In the last two decades, the pharmaceutical market has changed dramatically from small molecules to protein-based drugs and antibodies, which have a higher potential for targeting extraneous substances [1]. This is supported by the fact that six of the top ten best-selling pharmaceuticals are based on monoclonal antibodies. In comparison to chemical entities, the analysis of mAbs is complex and requires several separation techniques, e.g. affinity chromatography, reversed phase chromatography, size exclusion chromatography and ion-exchange chromatography. Especially, the strong growth in development of biosimilars due to expiring patents of those blockbusters, led to increased requirements concerning column performance in HPLC. Recently, a survey of several HPLC column manufacturers offered the introduction of almost 20 new columns in 2016, addressing biomolecules in different separation modes [2]. 

The analysis of biomolecules using conventional HPLC columns is usually associated with limited accessibility of surface for larger molecules, slow diffusion leading to extremely broad peaks with severe tailing, and possibly conformational changes during elution. One of the reasons for those observations is the mesopore size ranging from 8-15 nm. The separation quality could be improved by using column materials with wider mesopores of ca. 30 nm or larger [3-5].

During development, process monitoring, and quality control testing of mAbs, fast and precise analytical methods are necessary. The most important technique for observation of mAb titer is affinity chromatography using protein A. Protein A, a cell wall protein from Staphylococcus aureus, was the first isolated protein with a high affinity to the Fc region of immunoglobulin G (IgG) [6]. Its high selectivity and high resistance against temperature, pH and tryptic cleavage make protein A a powerful tool in antibody purification [7]. Today, the use of protein A as a ligand on chromatographic media is one the most employed methods for antibody capture during the purification process. In comparison to process protein A media, only few vendors provide analytical protein A columns for process monitoring and quality control. The majority of those columns are packed with particles limited in column backpressure, chromatographic performance and application of ‘dirty’ samples, such as harvest cell culture fluids. Hence, sample preparation is more complex and the limited column backpressure result in long analysis time due to lower flow rates.

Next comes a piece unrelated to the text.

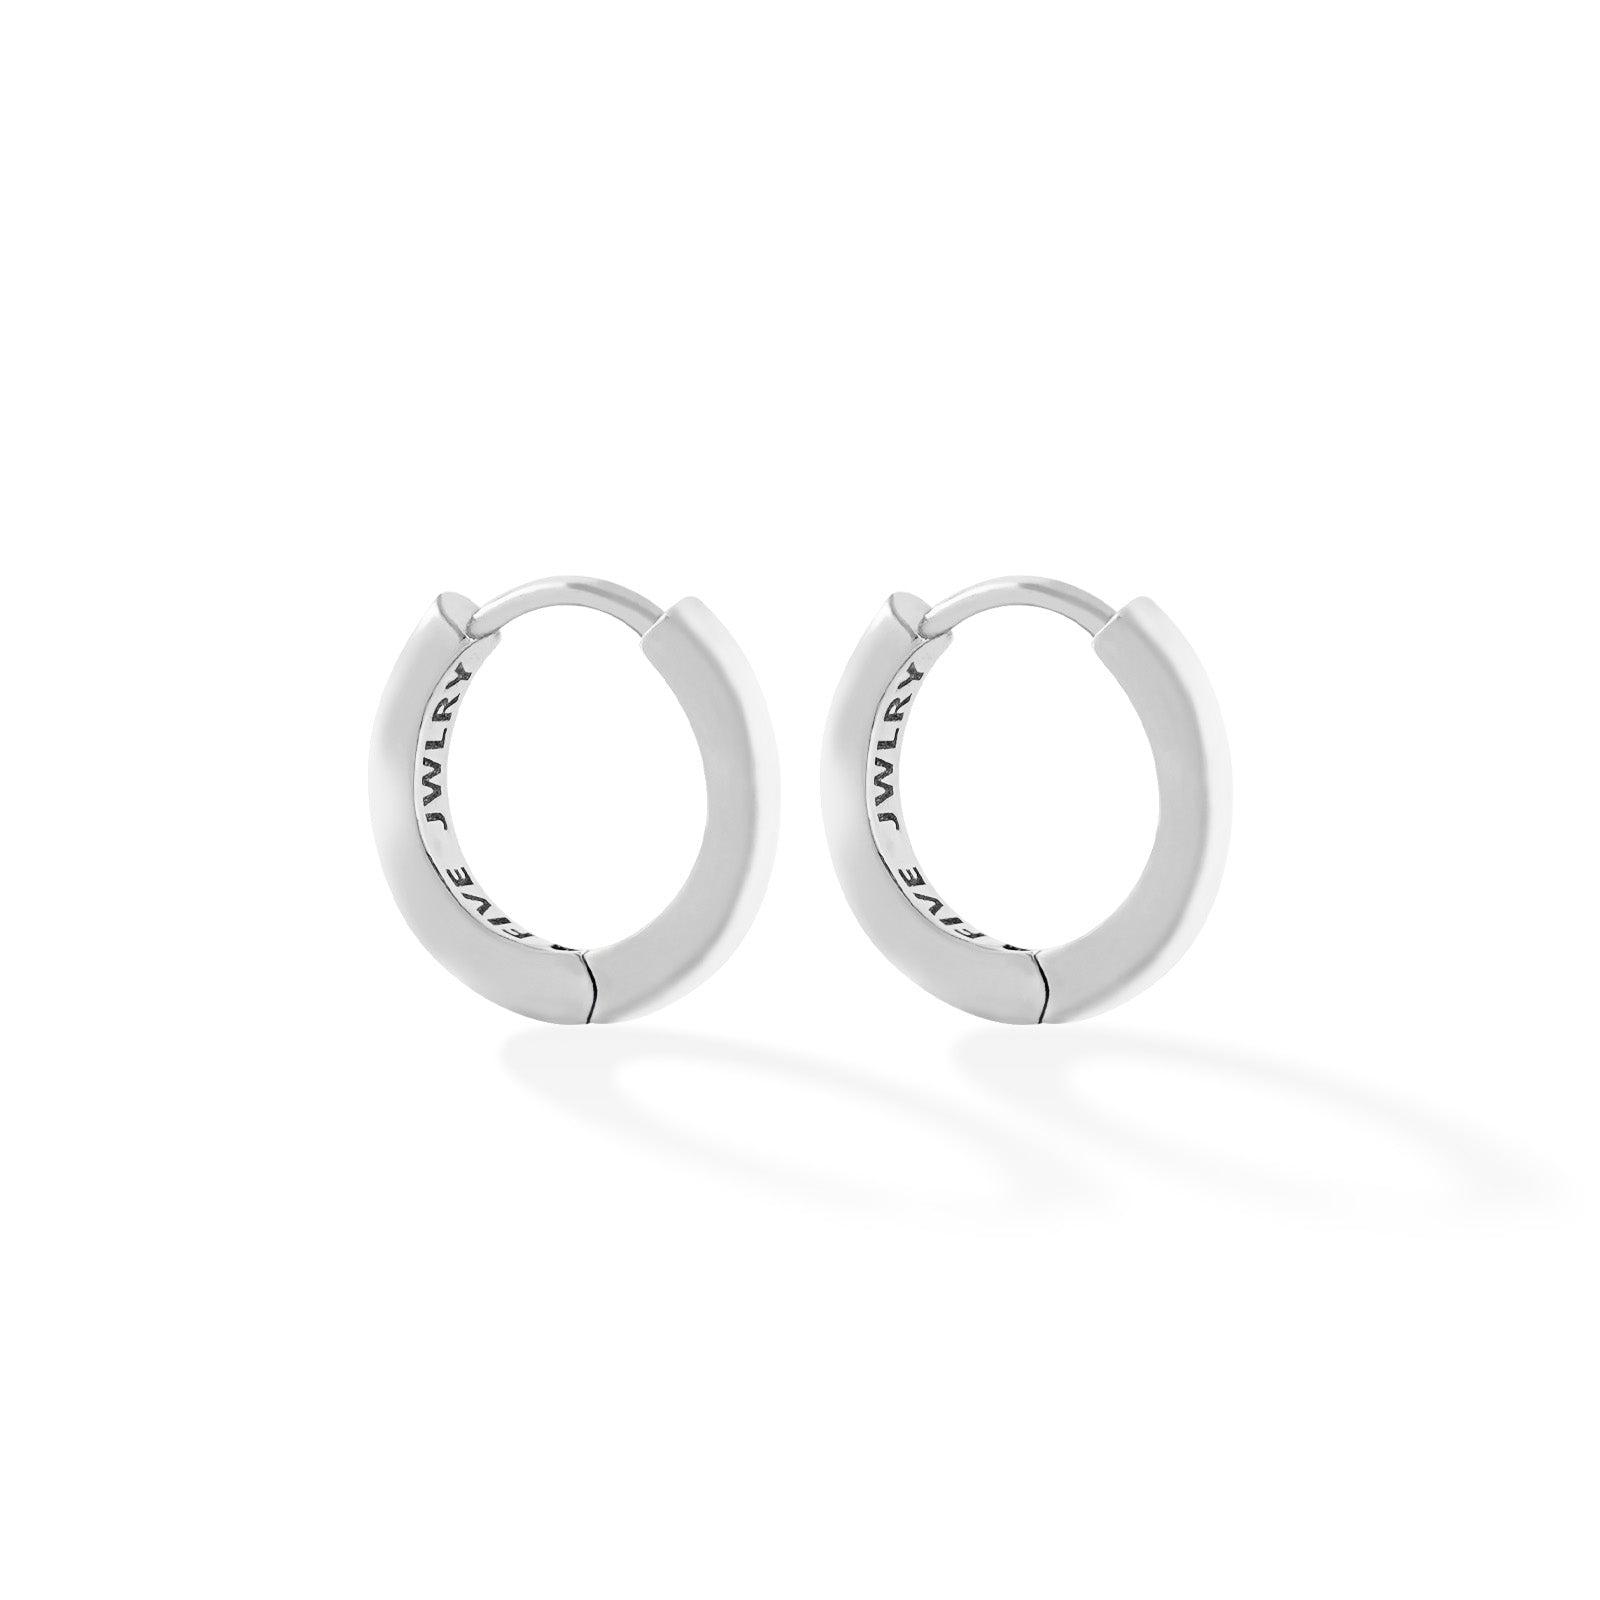 SOCA men's earring by Five Jwlry. A 13mm minimalist hoop, offering the choice of a single earring or a pair. Available in 14k gold or silver, crafted from water-resistant 316L stainless steel. Hypoallergenic with a 2-year warranty.

Silica monoliths, which consist of one continuous piece of silica, are an alternative to fully porous or superficially porous particles, and could be used [8]. Silica monoliths are preferred for the application and fast separation of ‘dirty’ samples due to their bimodal pore structure consisting of large through pores (macropores) and smaller micro- or mesopores [9]. They are prepared according to a sol-gel process leading to a bimodal pore structure where both macropores and mesopores could be controlled individually [9, 10]. The design of larger macropores offers good flow characteristics resulting in much lower column backpressure compared to columns packed with particles, and maintaining column performance even at higher flow rates [11-13]. Due to the hydrodynamic volume of mAbs (mostly 5-6 nm), the alteration of mesopore development up to 30 nm is necessary allowing them to enter the pores for improved chromatographic separation and to exclude separation effects by size. Recently, the development of silica monoliths containing larger mesopores and its application for the analysis of biomolecules has been reported [14]. 

Another continuously growing sector in chromatography is the coupling of desired ligands for specific interactions with certain analytes e.g. antibodies, aptamers or enzymes [15-20]. The majority of described protein immobilisations were performed on polymeric particles or monoliths and silica particles. In the last decade, silica-based monoliths were also used for the immobilisation of several ligands to enable their use in the applications of affinity chromatography, for chiral separations or as on-column bioreactors [21-26]. The development of wide pore silica monoliths enhanced the column properties for the immobilisation and analysis of larger molecules. In this study, recombinant staphylococcal protein A (rSPA) is immobilised onto a silica monolith containing larger mesopores suitable for the separation of mAbs. The analysis performed on the monolithic column is characterised by different parameters including detector response linearity, reproducibility and long-term stability. 

Experimental
Chemicals

Sodium phosphate dehydrate (≥99.5%), ammonium sulphate (≥99.5%), sulphuric acid (w=98%), ortho-phosphoric acid (w=85%) and sodium hydroxide (w=50%) for analysis were purchased from Merck (Darmstadt, Germany). Pure water was obtained from Milli-Q system from Merck (Darmstadt, Germany). Native recombinant staphylococcal protein A (rSPA) ligand was purchased from Repligen (Waltham, MA, USA) and bovine serum albumin (BSA) was obtained from VWR (Darmstadt, Germany). Pure cetuximab stock solution was a research sample from Merck (Darmstadt, Germany) and gammanorm IgG was obtained from Octapharma (Heidelberg, Germany).

Epoxy-modified widepore silica monolith (25 mm x 4.6 mm) columns (Chromolith® WP 300 Epoxy) were prepared as research samples at Merck (Darmstadt, Germany).

Apparatus

All modification and cleaning steps necessary for the immobilisation of rSPA ligand on epoxy-modified columns were performed at a Merck-Hitachi L-6200 HPLC Pump (Darmstadt, Germany). The following chromatographic studies were performed on an Ultimate 3000 HPLC system consisting of LPG-3400RS HPLC pump, WPS-3000TRS autosampler, TCC-3000RS column oven compartment and VWD-3000 UV detector from Dionex (Germering, Germany).

Preparation of rSPA Silica Monoliths

Wide pore silica monoliths were prepared according to the sol-gel process [27, 28] possessing a macropore size of 2 µm. Thermal treatment under alkaline conditions allowed mesopore formation to a size of 30 nm. All silica monoliths were cladded with solvent-resistant polymer (polyether ether ketone [PEEK]) housings. The silica monoliths were chemically derivatised to epoxy-modified monoliths following a procedure described elsewhere [22].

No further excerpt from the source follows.